A huge motivation behind the Challenge is building as a community shareable insights in the form of working tests for our use case.

While your leaderboard score is ONLY influenced by the official tests as stated in the evaluation README, we ask that your final submission must also include custom tests that you found helpful / insightful when improving your model.

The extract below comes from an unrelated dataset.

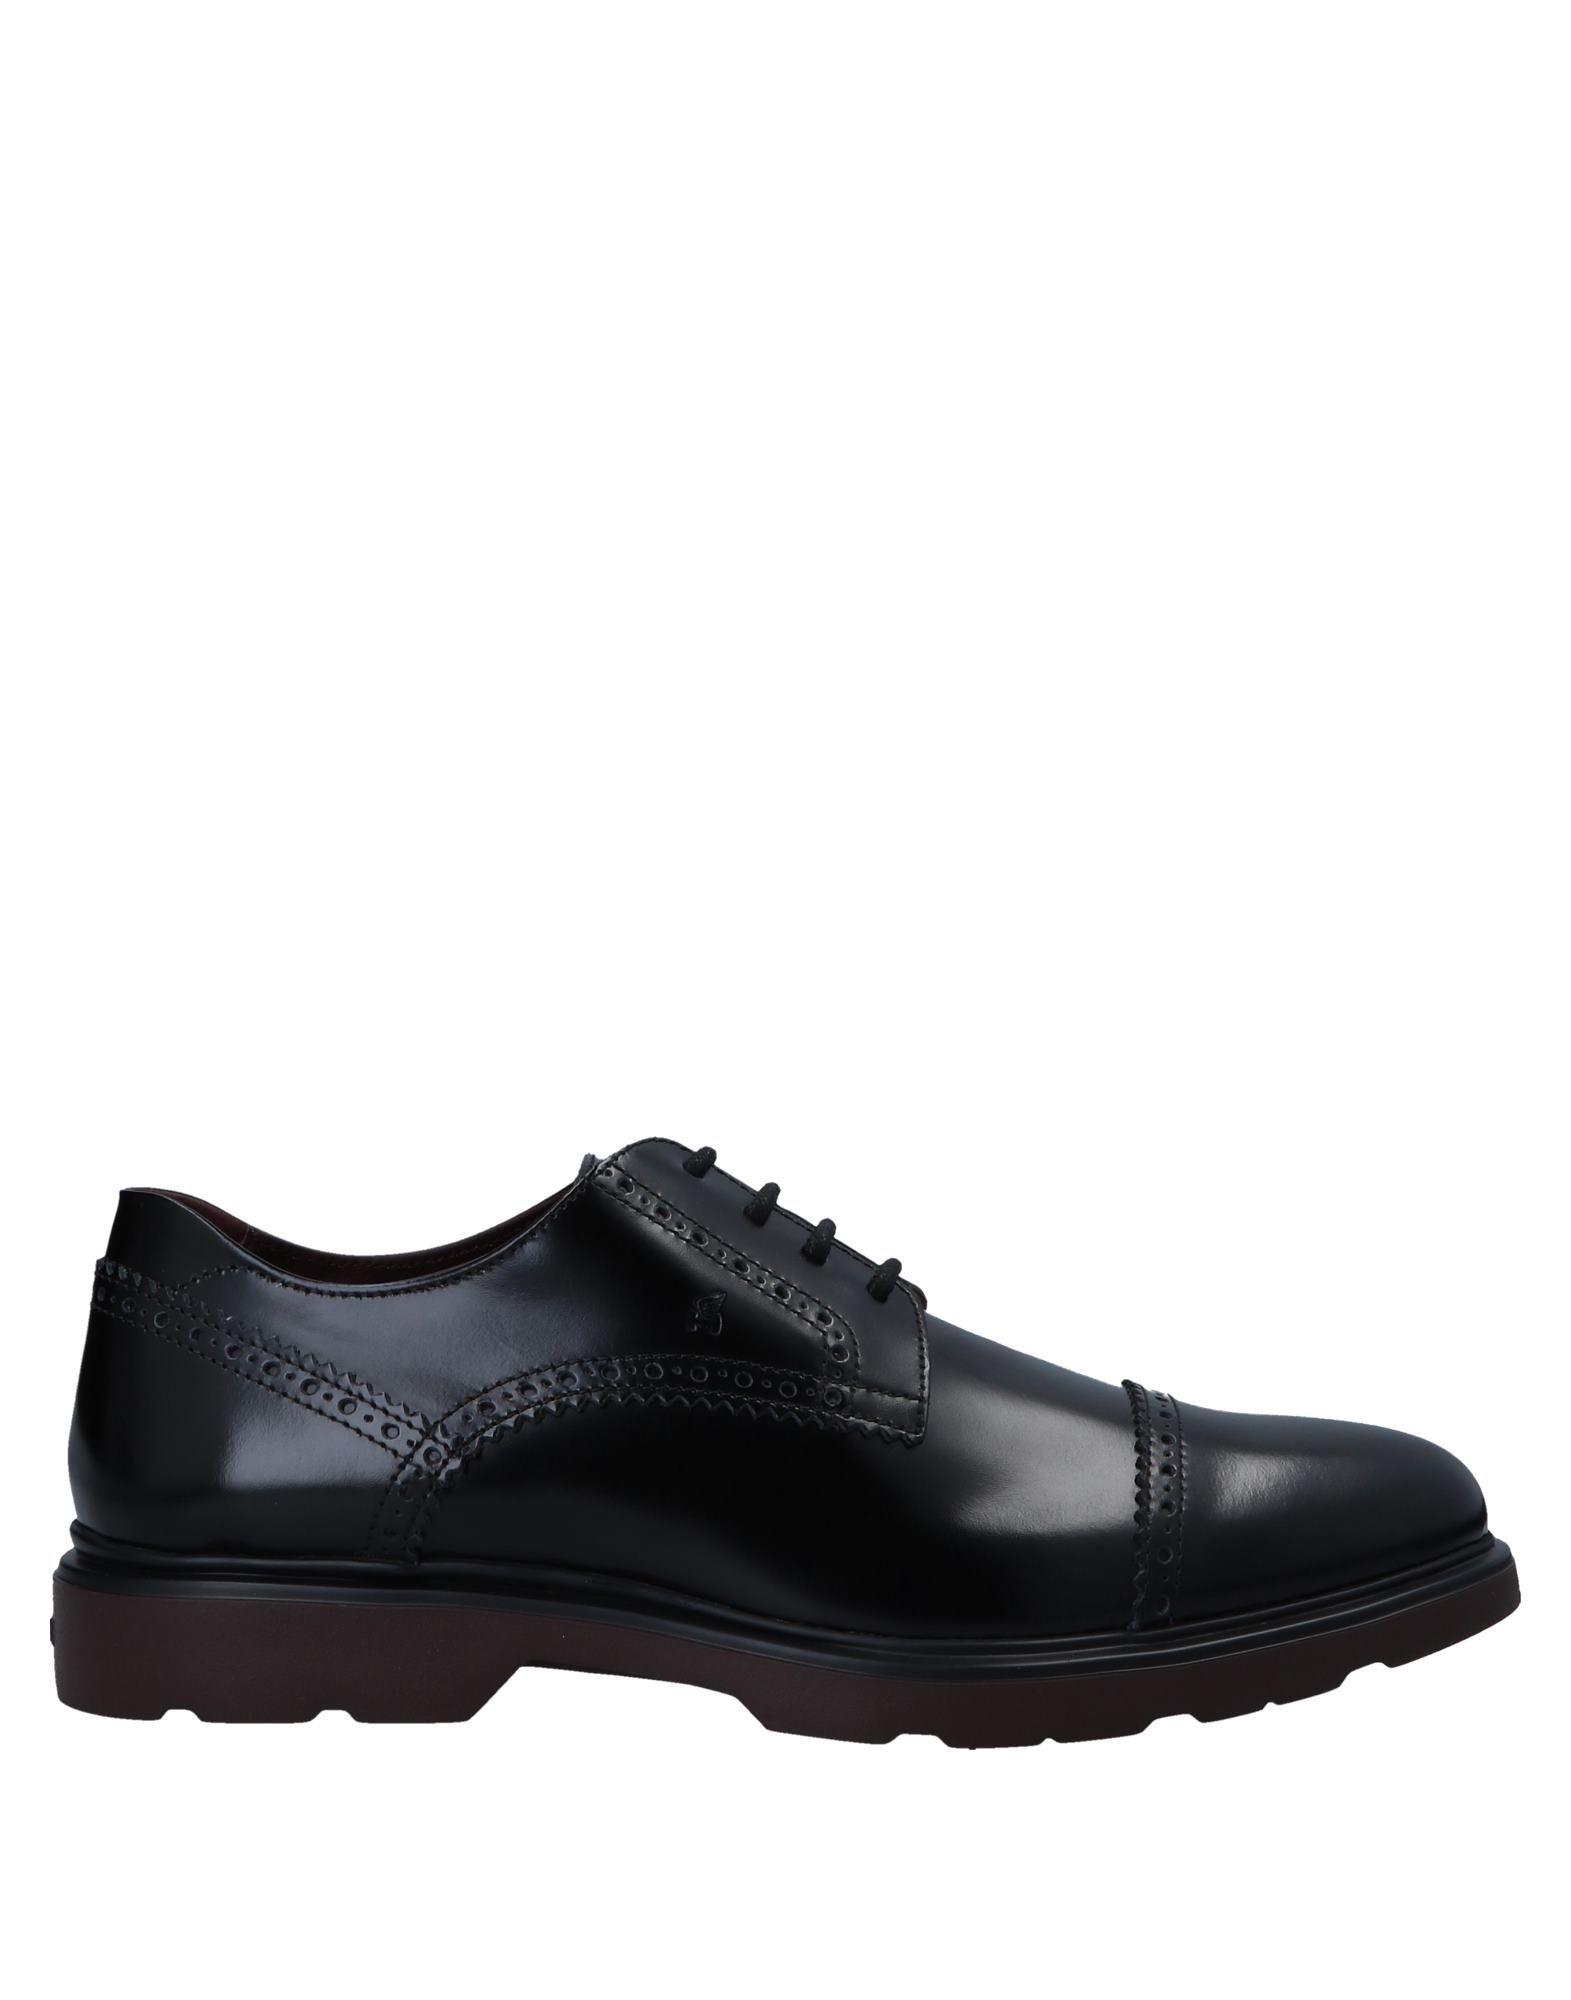 Hogan Schnürschuhe Herren  11559692FA Gute Qualität beliebte Schuhe

The snippet below shows a working example of how to _extend_ the default RecList with additional tests, and run the same evaluation code.

In [None]:
from reclist.abstractions import rec_test
from evaluation.EvalRSRecList import EvalRSRecList

class myRecList(EvalRSRecList):
    
    @rec_test(test_type='custom_test')
    def lucky_user_test(self):
        """
        Custom test, returning my lucky user from the catalog
        """
        from random import choice

        return {
          "luck_user": str(choice(self._x_test['user_id'].unique())) 
        }


_Re-run the evaluation with the additional test, which gets executed together with the default ones that produce the leaderboard score._

In [None]:
runner.evaluate(
    model=my_model, 
    limit=1,
    custom_RecList=myRecList
)

### Final submission to the committee

Since this is a code competition, you'll be required to submit your repository for statistical verification of your scores. 

Please consult the README carefully to make sure your project complies with the rules and follows the provided template script.